Cate was generous with sharing her knowledge and experience with a set of slides which whizzed us through the different elements of creating stories. ‘Emerging writers always have wonderful ideas,’ she told us, ‘it’s about the execution.’ Too true.
Cate’s latest short story collection, Like a house on fire, is on the Yr 12 VCE English curriculum. My Yr 12 son’s first SAC (School Assessed Coursework) was to write an addition or adaption of one of Cate’s stories. It’s such a wonderful opportunity for students to try to understand another human being, through reading about ordinary people’s circumstances and choices and then writing a response. Cate’s stories can be so subtle, that students are encouraged to look at her characters and empathise with them while they imagine different possibilities for them.

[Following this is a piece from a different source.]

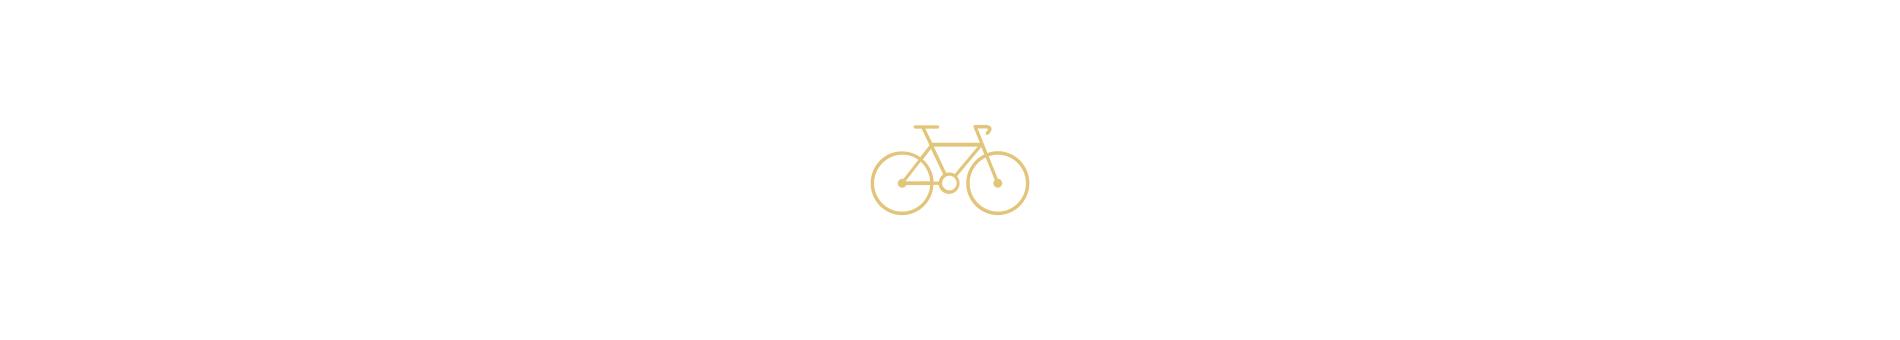 Accessoires auto - vélo - mobilité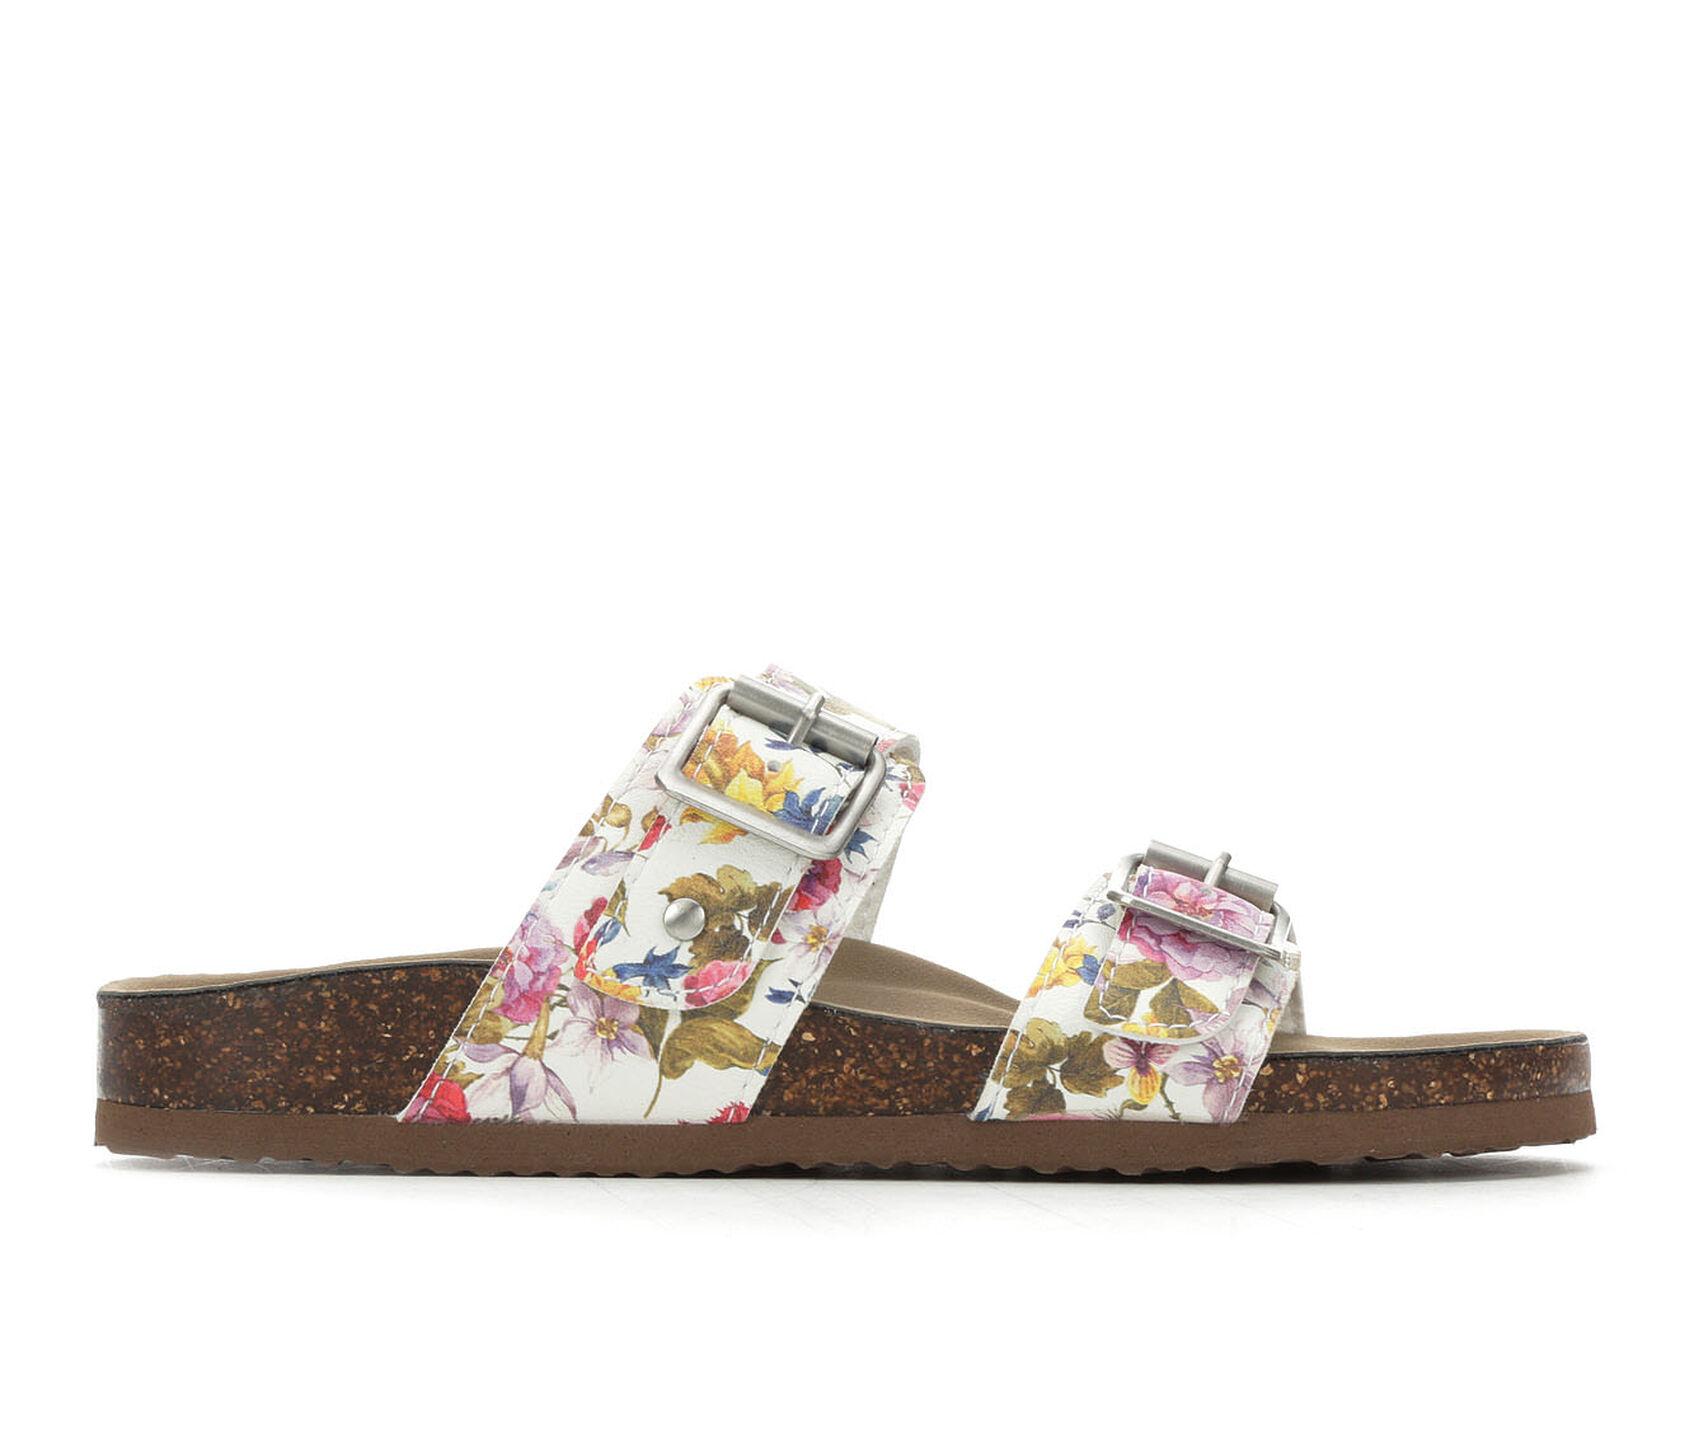 e652db1a44ec ... Madden Girl Brando Footbed Sandals. Previous

What does that elderly man need at the end of his life? What sort of person will that young girl, rebelling against her mother, grow up to be? Cate told us,
The story is the transformation of the narrator.”
So how does that elderly man change the young cleaner’s life? How will that young girl grow up to parent her own children?
Writing is about imagining different scenarios, putting ourselves in someone else’s shoes, daydreaming about different possibilities for ourselves, reinventing ourselves as characters. Cate urged us to go into the ‘vortex of doom’, to face any resistance we have on the page, to allow the secrets of our characters and their inner worlds to float up to the surface, to be examined in the light. Therein lies transformation.
The wonderful thing about students studying these short stories is that hopefully, hopefully, hopefully, they gain insight into their own lives. That in writing their additions or adaptions, they look beneath the surface of Cate’s characters and see what they really want, how they strive to reach it, and how they transform when often they don’t get what they want but instead what they need. In fiction – and life.
Thank you very much for your kind comments last week – I’m glad to be back too in such wonderful company!